- TASK REQUIREMENTS
Set each line of the material below down word for word, from the first through the line that holds "#آپدیتآخرهفته | تعداد", but not the pictures.

- STORED DATA

-*-*-

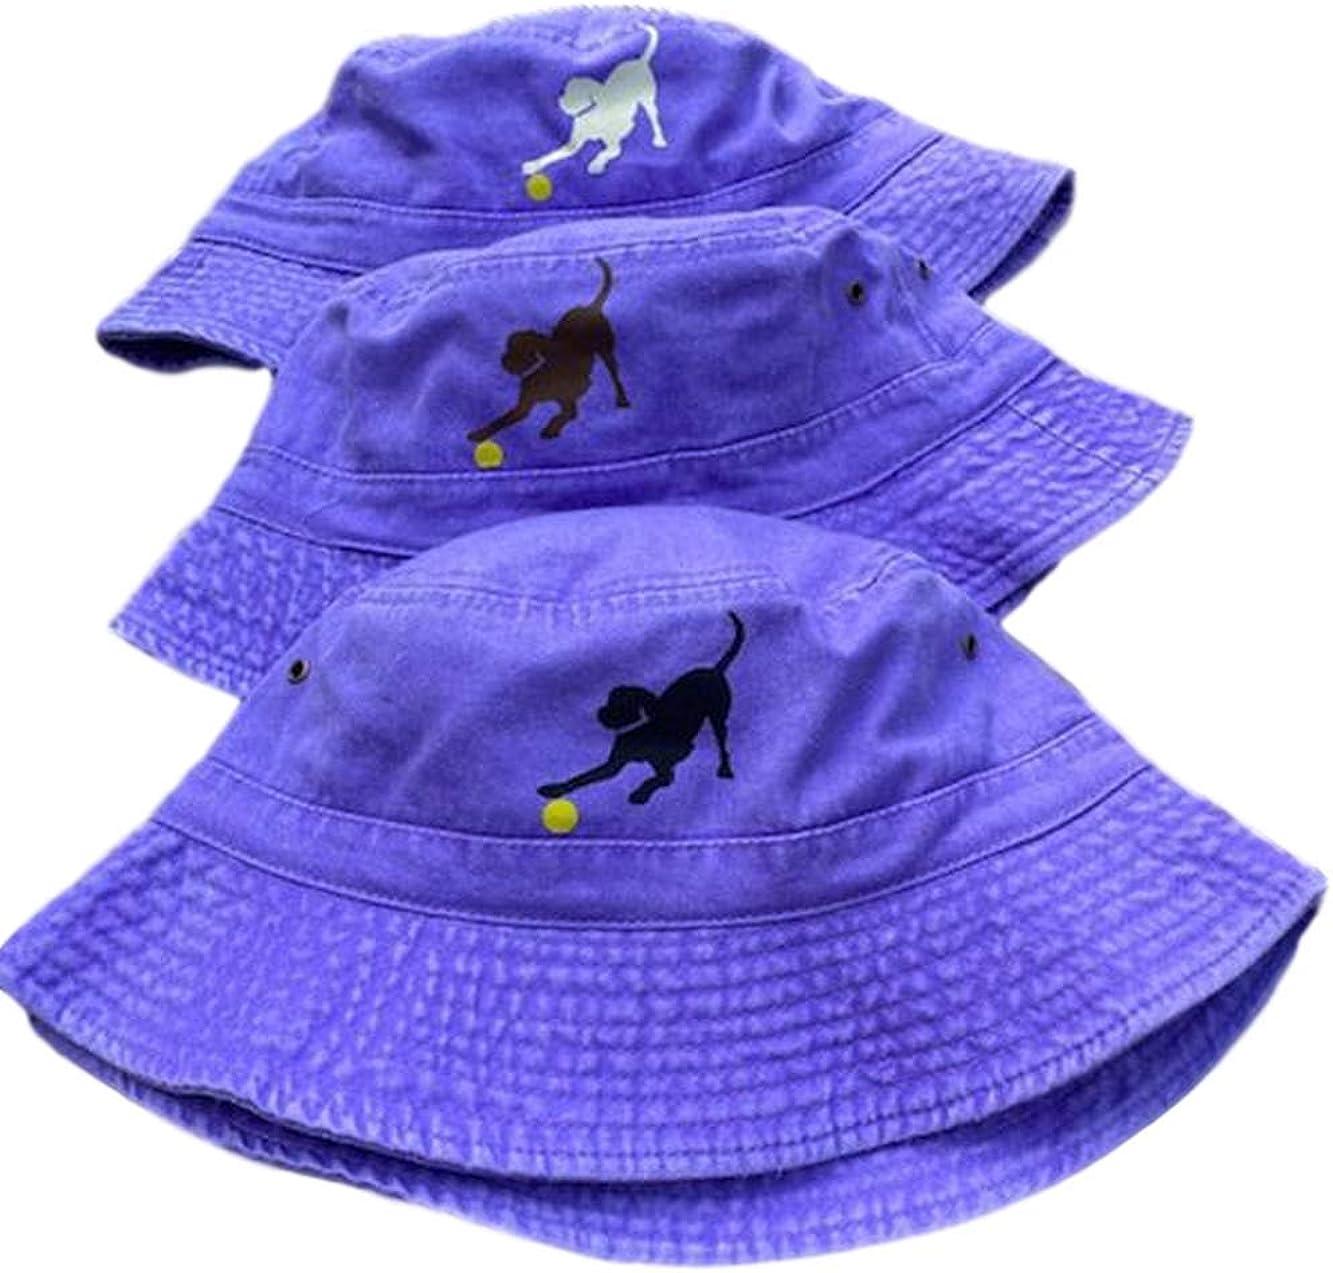 JUS LABS Adult Labrador Bucket Hats - Unisex - 100% Washed Cotton - Yellow/Black/Chocolate Lab - Purple
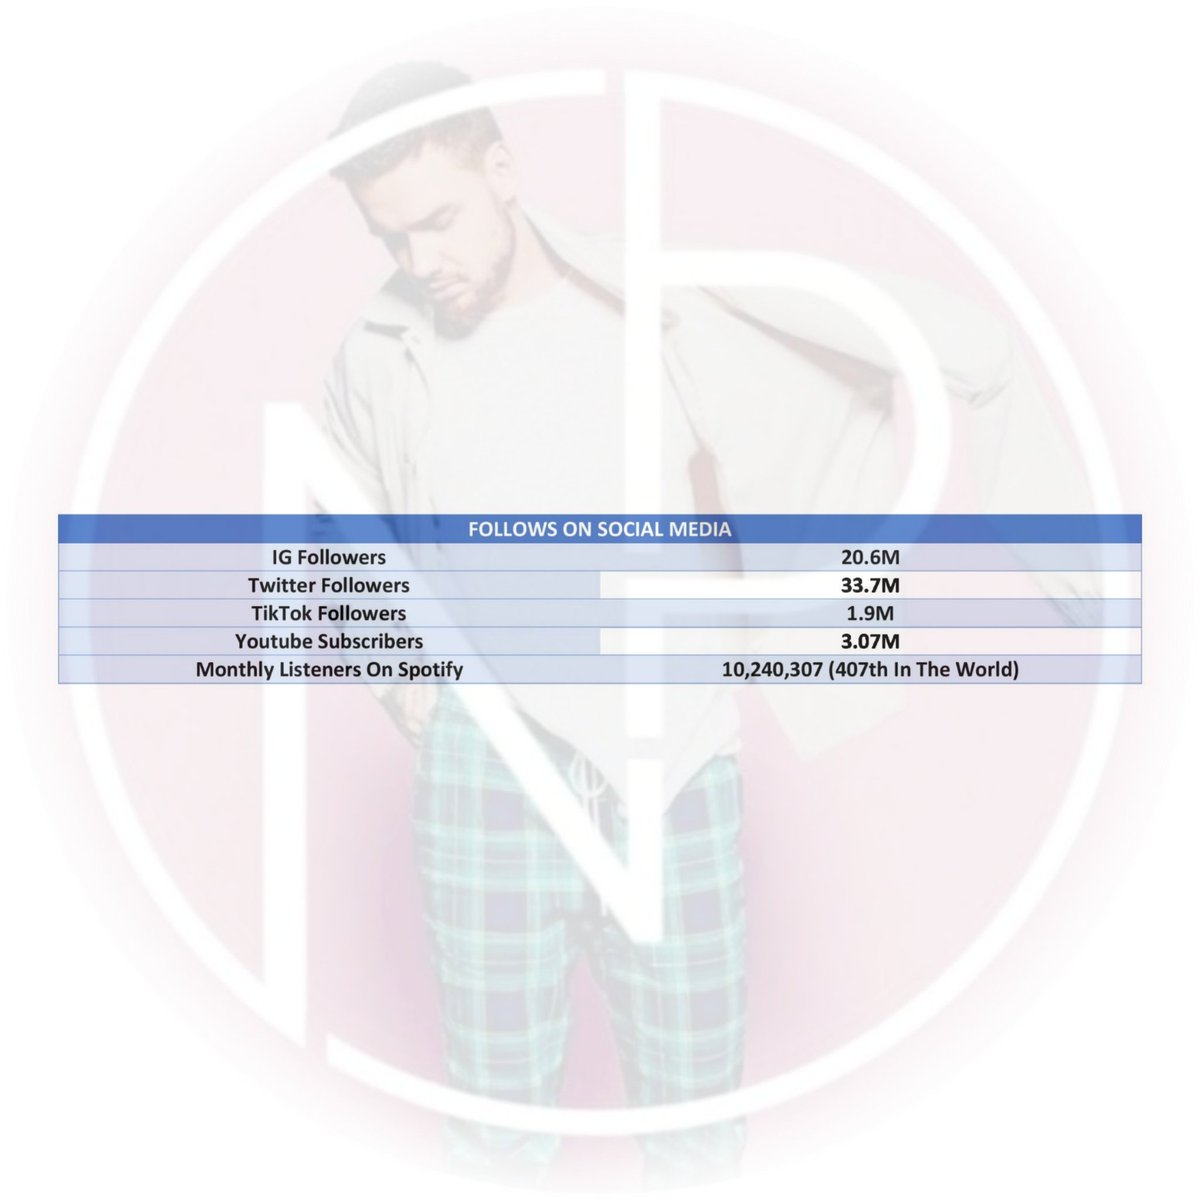 #آپدیتآخرهفته | تعداد دنبالکنندههای لیام در برنامههای مختلف تا یکشنبه ۹ اوت / ۱۹ مرداد! #WeekendUpdate | @LiamPayne's followers on social media till August 9, 2020. pic.twitter.com/eeWgClsK6B
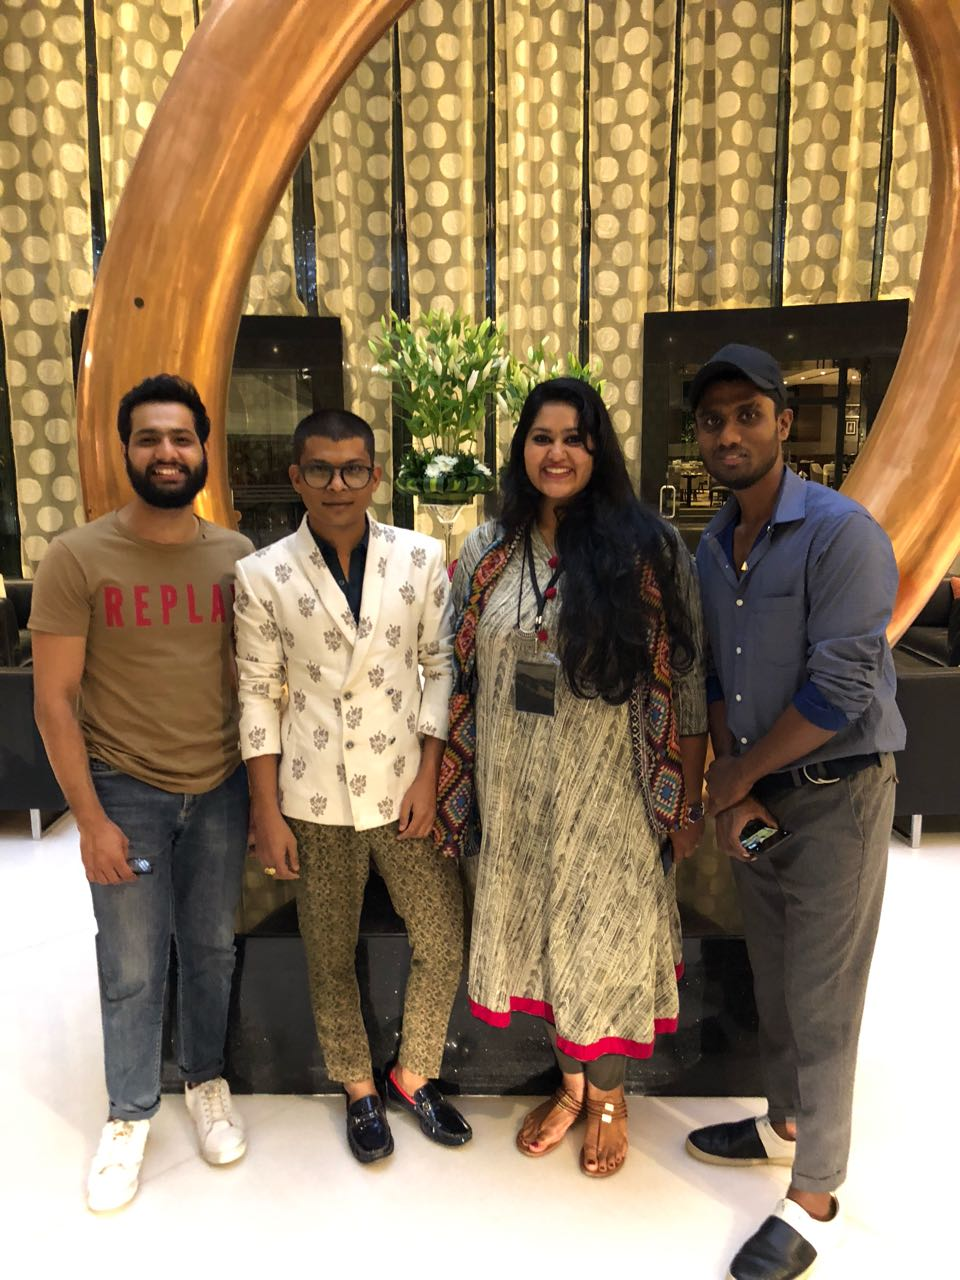 Bangalore fashion week 2018 bangalore fashion week JEDIIIANS AT WORK; BANGALORE FASHION WEEK 2018 JEDIIIANS AT WORK BANGALORE FASHION WEEK 2018 1

-*-*-

- OUTPUT FOR THIS EXERCISE
 JUS LABS Adult Labrador Bucket Hats - Unisex - 100% Washed Cotton - Yellow/Black/Chocolate Lab - Purple
 #آپدیتآخرهفته | تعداد دنبالکنندههای لیام در برنامههای مختلف تا یکشنبه ۹ اوت / ۱۹ مرداد! #WeekendUpdate | @LiamPayne's followers on social media till August 9, 2020. pic.twitter.com/eeWgClsK6B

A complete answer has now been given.